The actuator drive unit is composed of the seat valve body unit 3 that abuts against the valve seat seat contact unit 41, the plunger 40, the solenoid 5, and the pressing spring 20 as in the conventional case. When assembling and connecting the valve body 1 and the element valve 2a described above, the orifice plate 30 is fitted through the gasket 31 into the step groove formed in the opening portion of the downward flow passage 62, and the element valve 2a is placed above the orifice plate 30. It is sandwiched via a sealing member and is connected and fixed to the valve body with a bolt member or the like. The port cross-sectional area of the orifice plate 30 is smaller than the opening cross-sectional area of the valve seat portion 33 of the element valve 2a, and the cross-sectional area corresponds to the minimum flow rate unit of the entire digital valve. Hereinafter, the port cross-sectional area of the orifice plate attached to the second element valve 2b is smaller than the cross-sectional area of the valve seat and is twice the port cross-sectional area of the orifice plate 30, and the third element valve 2c is also four times the same. The four-element valve 2d is eight times larger.

As another embodiment, the opening cross-sectional area of the valve seat portion can be directly configured as an orifice without providing the orifice plate of the first element valve. However, in this case, it is necessary to prepare two types of element valves, the second, third, and fourth element valves, which are the same as the first element valve below. Further, if the orifice plate is provided not at the opening of the downward flow passage but at the opening of the upward flow passage, the flow rate characteristic is slightly inferior, but the object of the present invention can be achieved.

[0010]

[Effect of the device]

 According to the present invention, machining of the valve body is simplified and facilitated, and machining and mounting of the orifice plate is facilitated. Moreover, since it is sufficient to prepare one model of each element valve, it is highly producible for mass production, and it is possible to provide an inexpensive digital valve as a whole.

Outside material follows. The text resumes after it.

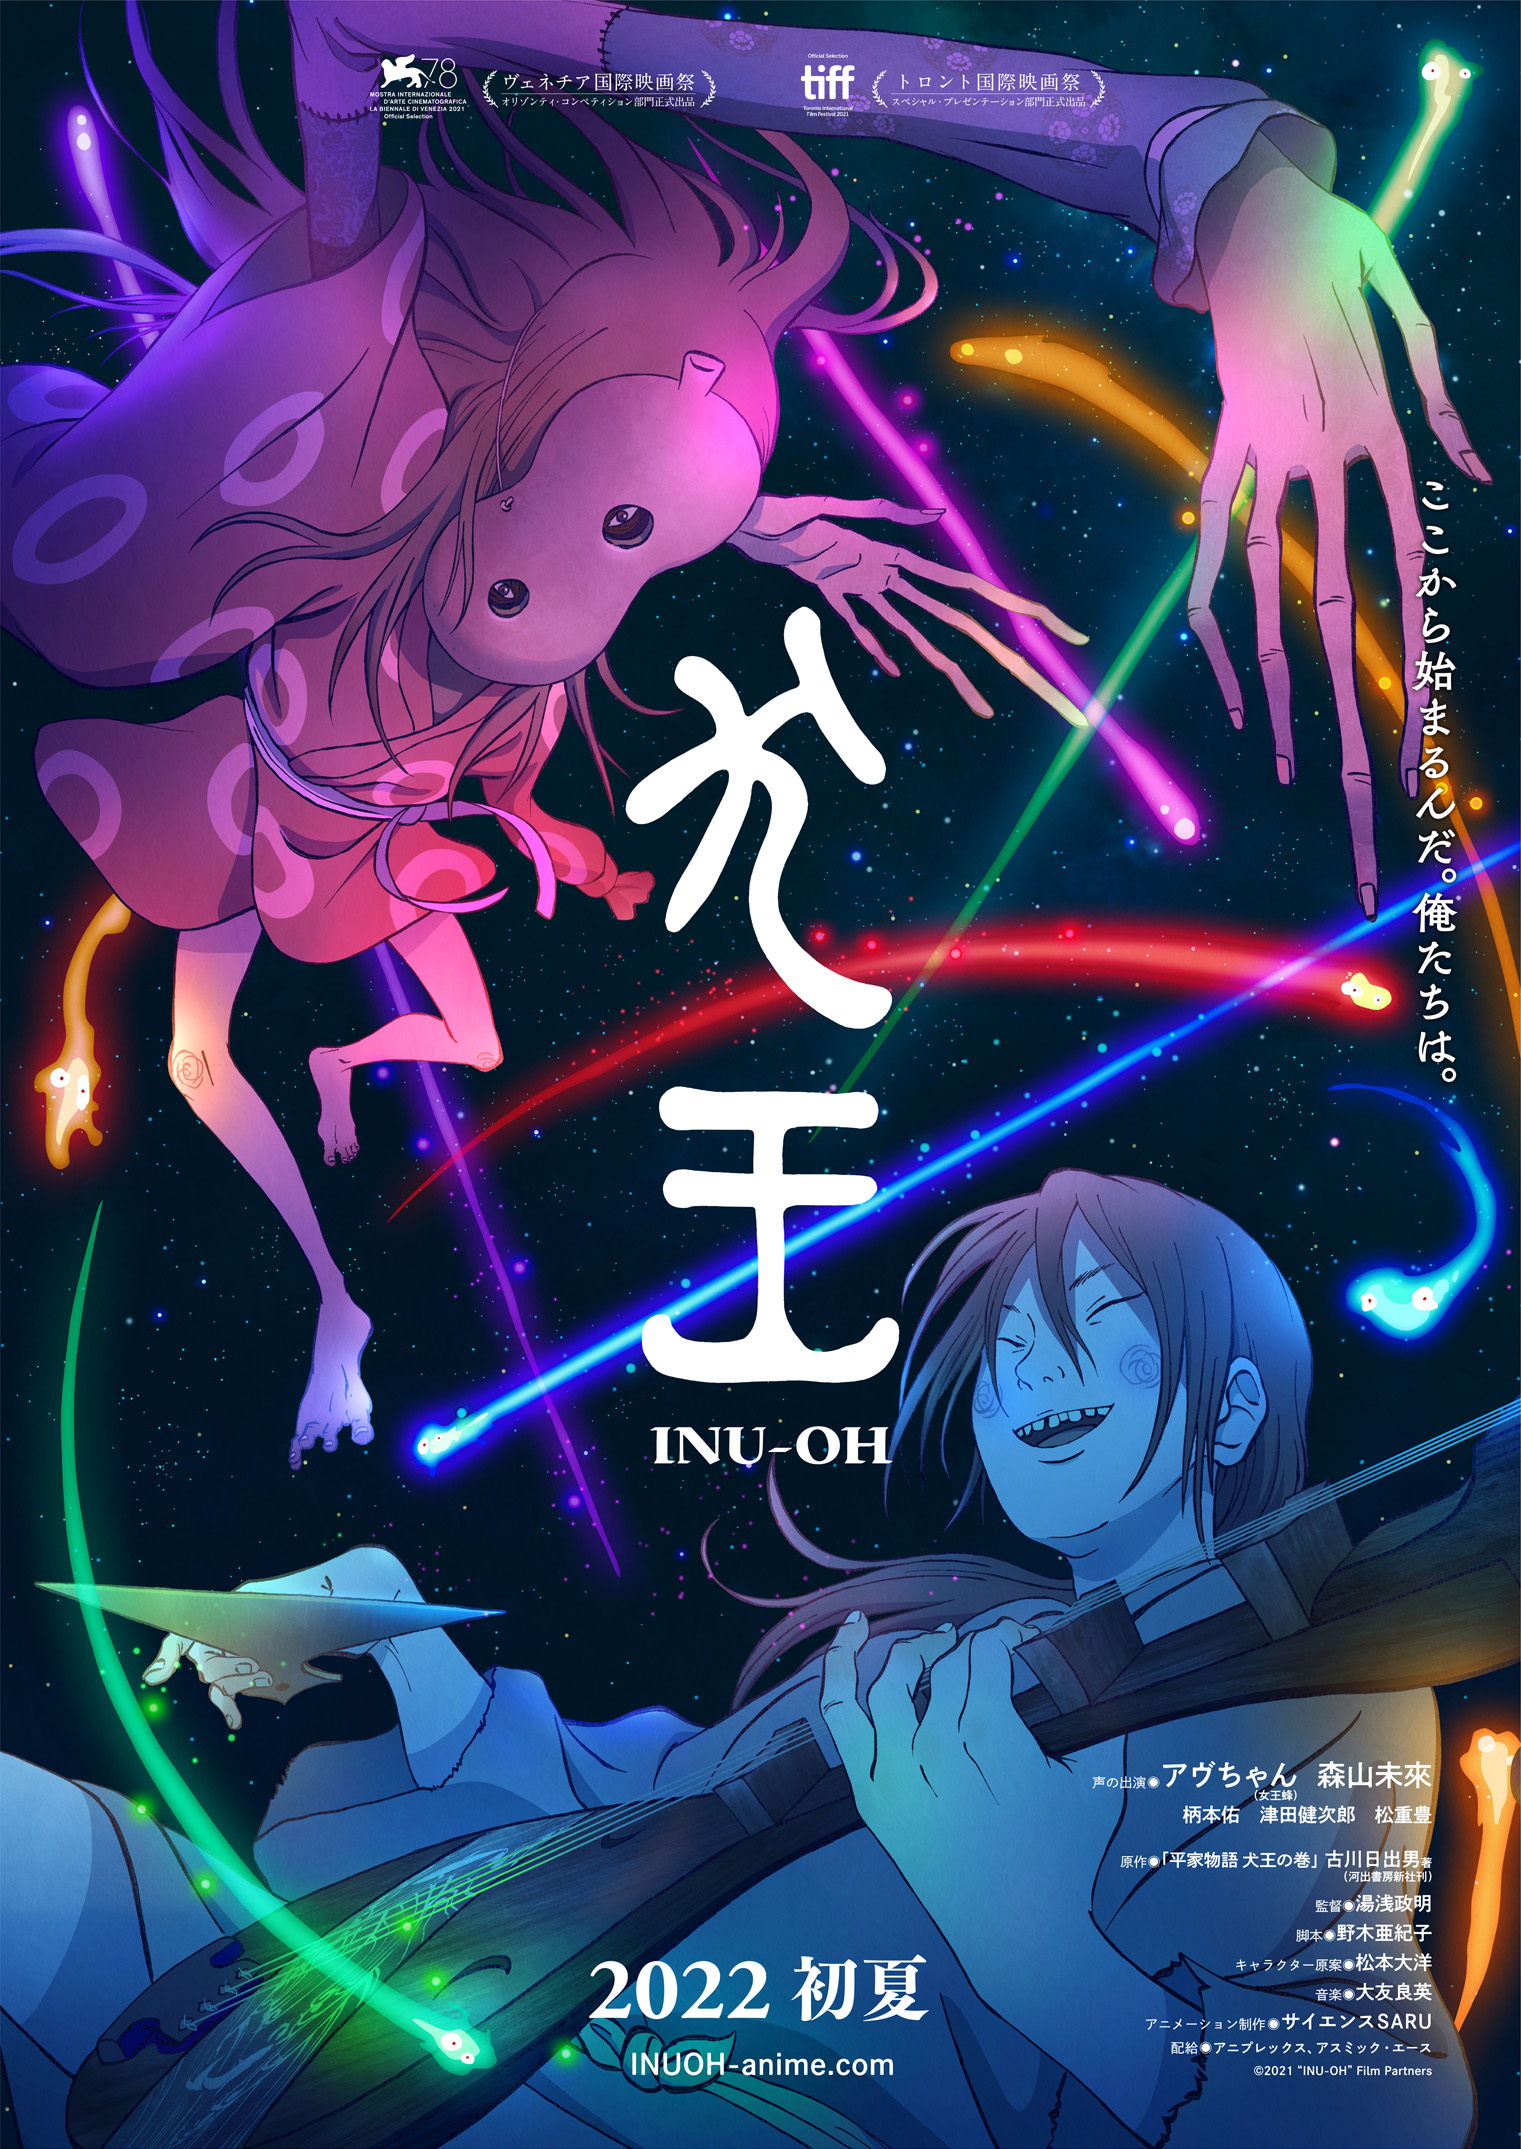 inu-oh-kv Watch New Promo Video for Director Masaaki Yuasa's Film "Inu-Oh"! Out Summer 2022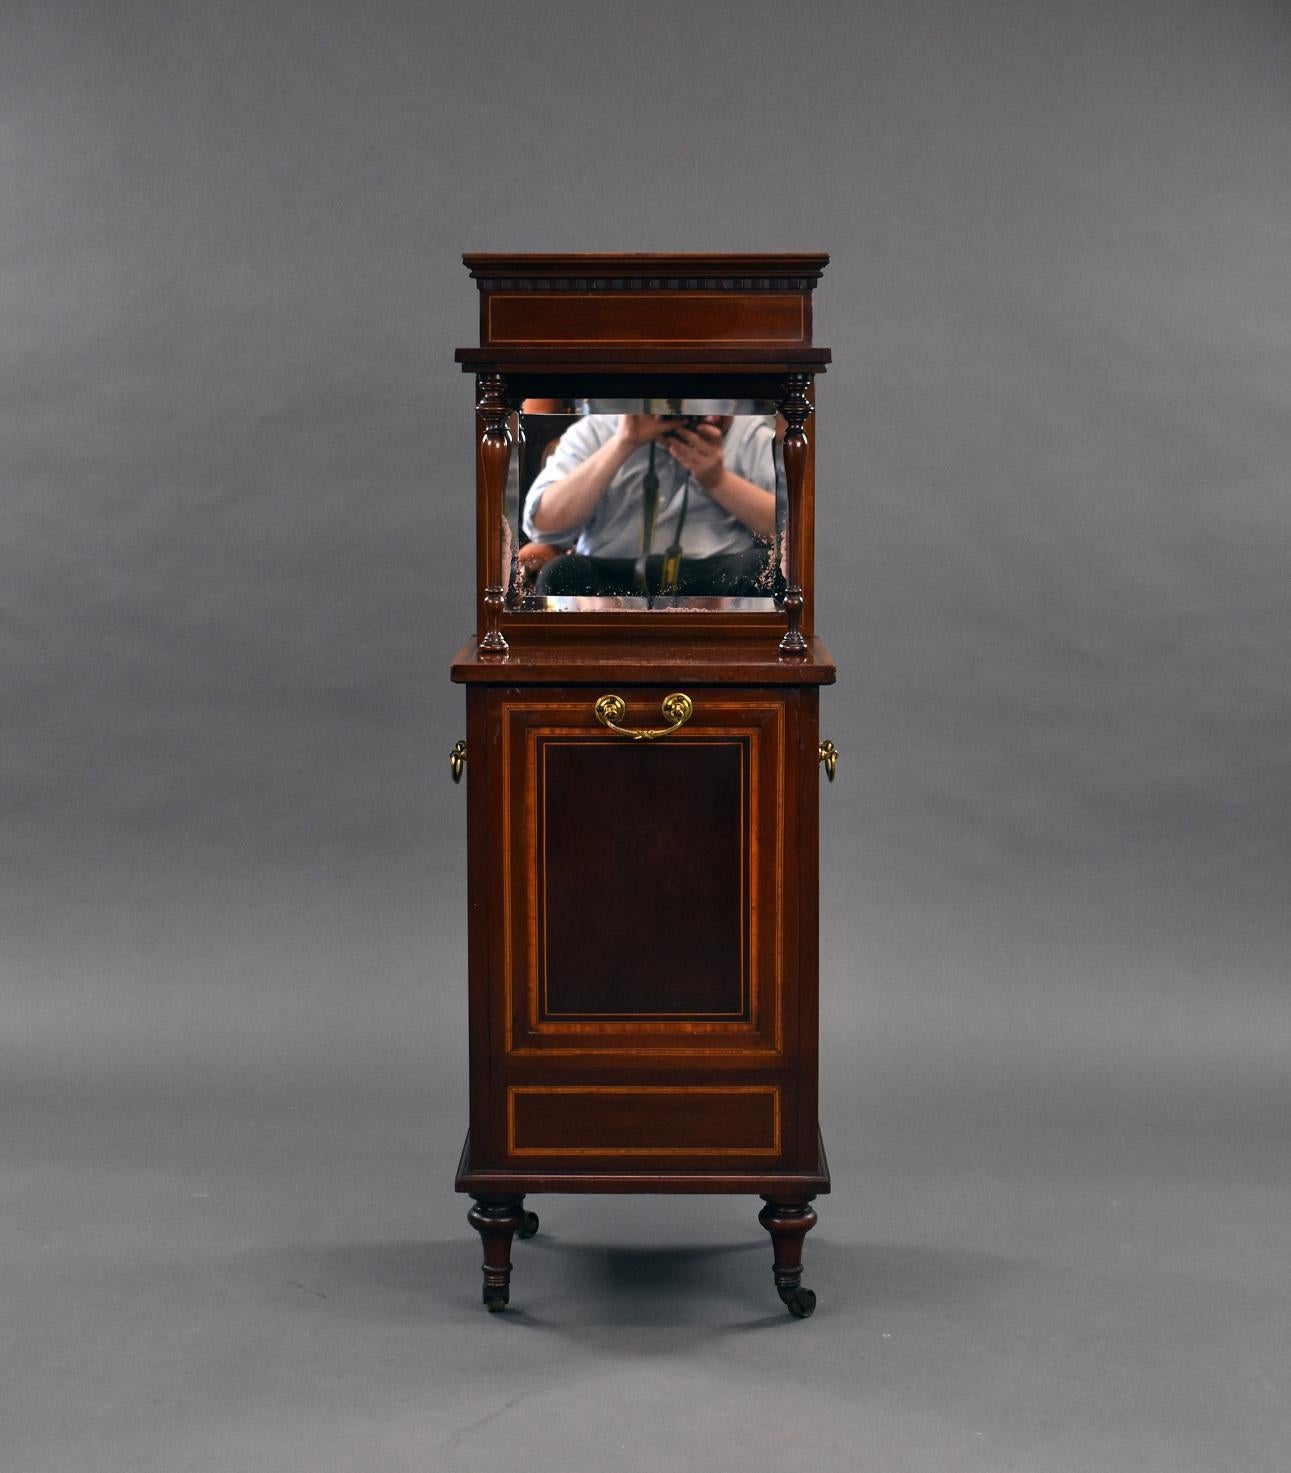 Edwardian Mahogany Coal Purdonium in good condition with mirror back to the top with elegant spindles to the front and banded inlay to the front and sides, with carrying handles to each side. The front pulls down to reveal the original coal box and

[Brief description of drawings]

FIG. 1 is a vertical sectional view of a digital valve according to an embodiment of the present invention.

FIG. 2 is a sectional view taken along line AA of FIG.

FIG. 3 is a vertical sectional view showing an example of a conventional digital valve.

[Explanation of symbols]

 1 Valve Main Body 2a First Element Valve 8 Upstream Liquid Reservoir 9 Downstream Liquid Reservoir 7 Port 33 Valve Seat 61 Upward Flow Path 62 Downward Flow Path 30 Orifice Plate

Claims (2)

[Scope of utility model registration request] 1. An upstream liquid reservoir communicating with the inlet and a downstream liquid reservoir communicating with the outlet are arranged laterally opposite to each other, and an upward flow passage communicating with the upstream liquid reservoir, and the downstream. N (N ≧ 2) N valves (N ≧ 2) for communicating and closing the valve main body formed by opening a downward flow passage communicating with the side liquid reservoir in the upper portion of the main body and the valve seat portion connecting the upward flow passage and the downward flow passage. An element valve is provided on the upper part of the valve body, and the n-th valve (2 ≦ n ≦
N) In the element valve, an orifice plate having a port that is 2n-1 times the minimum cross-sectional area of the flow path of the first element valve is provided at one of the openings at the upper part of the main body and the connection portion between the element valve. A digital valve characterized by being sandwiched. 2. The digital valve according to claim 1, wherein the orifice plate is provided so as to be sandwiched between a connecting portion between the opening of the downward flow passage and the element valve.